Adeyinka Olarinmoye Crafting a Journey

From Cocoa House to Lassa Fever





Oluwatoyin Vincent Adepoju
Compcros
Comparative Cognitive Processes and Systems
Exploring Every Corner of the Cosmos
in
Search of Knowledge

Insult literature consists of denigrative expressions which demonstrate literary


value.
Insult literature is a part of classical Nigerian performance art, as represented for
example, by a festival in my village, Imoga, in Edo state, in which social satire is
conducted through insults, from which context comes one such example in the
language, Okpameri, here rendered in my inadequate spelling:
Ekwabwale yanezameva, eyanezama sa, oleooogala! delivered in a beautiful, sing
song voice, declaring "your peers have three wives, have two wives,
consummate lazy bones that you are!", most likely ridiculing a man with no wife
or with one wife, in a time when polygamy was a demonstration of status.

Insult literature is also demonstrated in the interactions of Nigerians on the
Internet, particularly in the context of political debates, which may be described
as the central online activity of Nigerians on social media, an activity that
inspires fierce passions and a broad range of colourful expressions.
I collect insult literature on Nigerian centred social media and have made an
initial presentation of my efforts in "The Beauty of Insults". I also create insult
literature myself, having been involved in extensive forms of this practice, such
as an insult poetry contest arising from the differing political views of a group of
others and myself, as well as one in which the other person directed ridicule at
my family in vile terms relating to ancestry, some of the exchanges visible in the
lower posts on this thread, an experience I transformed into a scholarly essay
comparing his insults to the magnificent imaginative permutations of Howard
Philip's Lovecraft's fiction, centred in the exploration of human fears of cross-
species genesis and non-terrestrial life forms, and also built a website, The
Demented Nnabuaghas, taking the insult contest further by creating horrible
fictional personas for the other person's family.

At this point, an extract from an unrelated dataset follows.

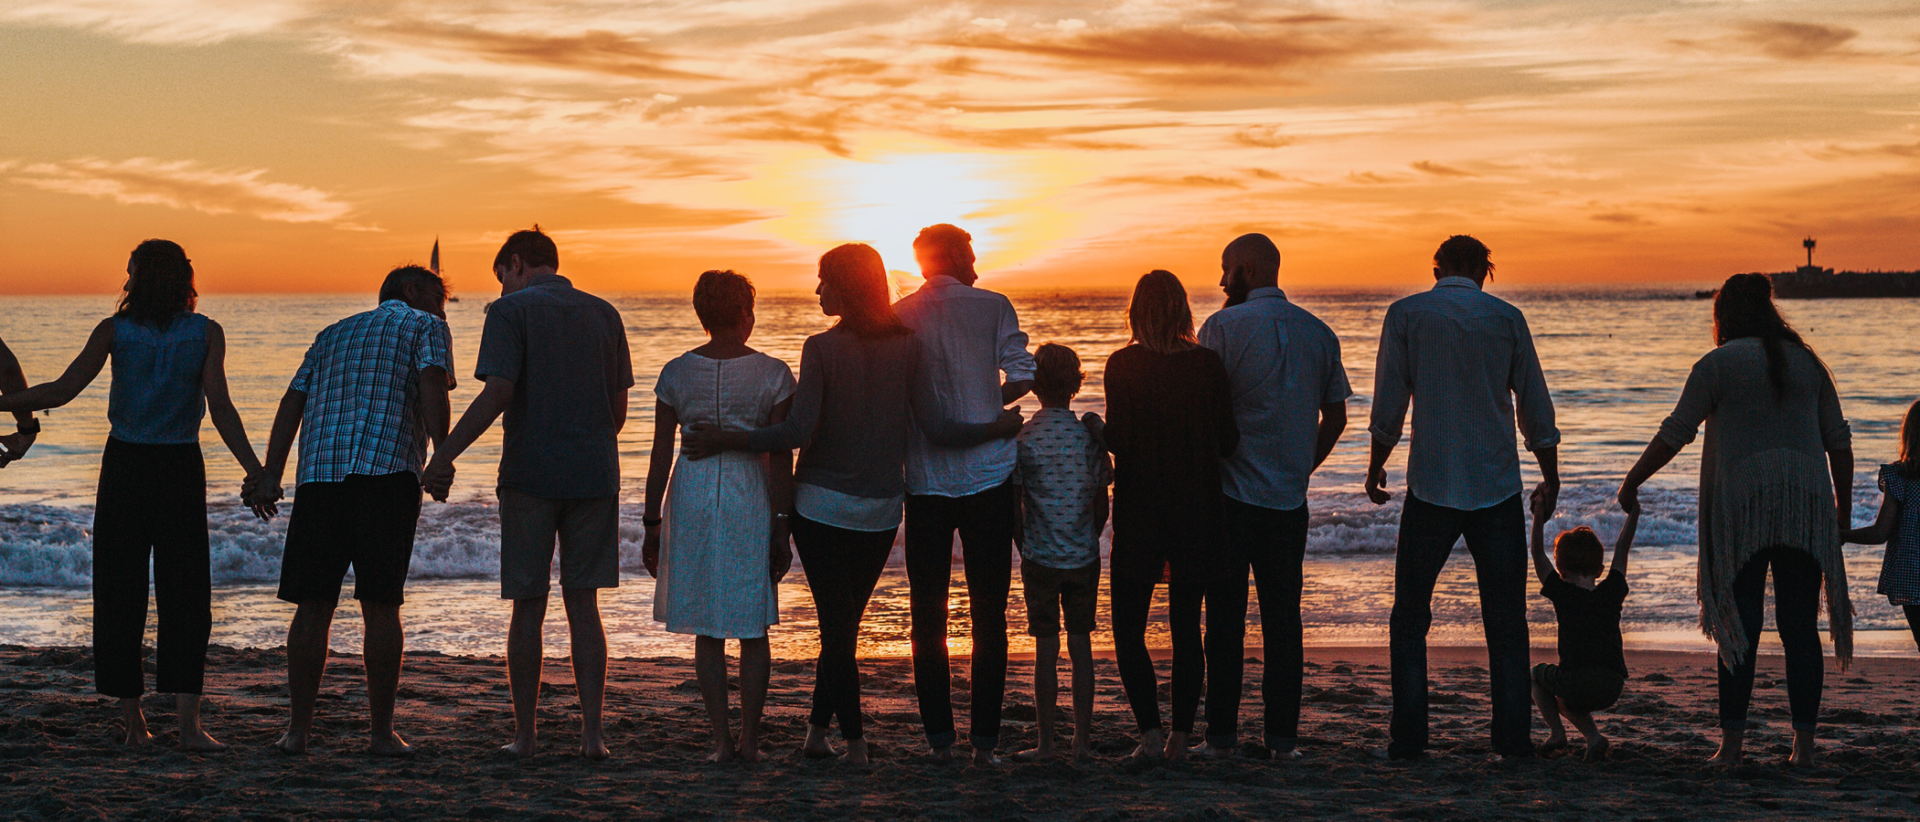 Perheitä rannalla, siluetti, auringonlasku.

The essay " 'Aquatic Ancestry' by Kingsley Nnabuagha and the Fiction of Howard
Phillips Lovecraft : A Study in Imaginative Convergence" was later anthologized
by David Haden in the TENTACLII : H.P. Lovecraft blog which guides readers to
scholarly literature on Lovecraft's work.
I am struck today by the concise force and historical sweep of the
insult delivered by Nigerian politician and academic Adeyinka Olarinmoye on
her Facebook wall on the 31st of March 2016, responding to a contribution to a
discussion in the context of a harsh exchange of words:

"take a high jump from Cocoa House, visit Sambisa with cutlass and demand to
see Shekau or look for lassa fever giving rats to make stew with."
This is classically beautiful in crafting a verbal punch consisting of allusions to
various positive and negative aspects in a sweep of Nigerian history.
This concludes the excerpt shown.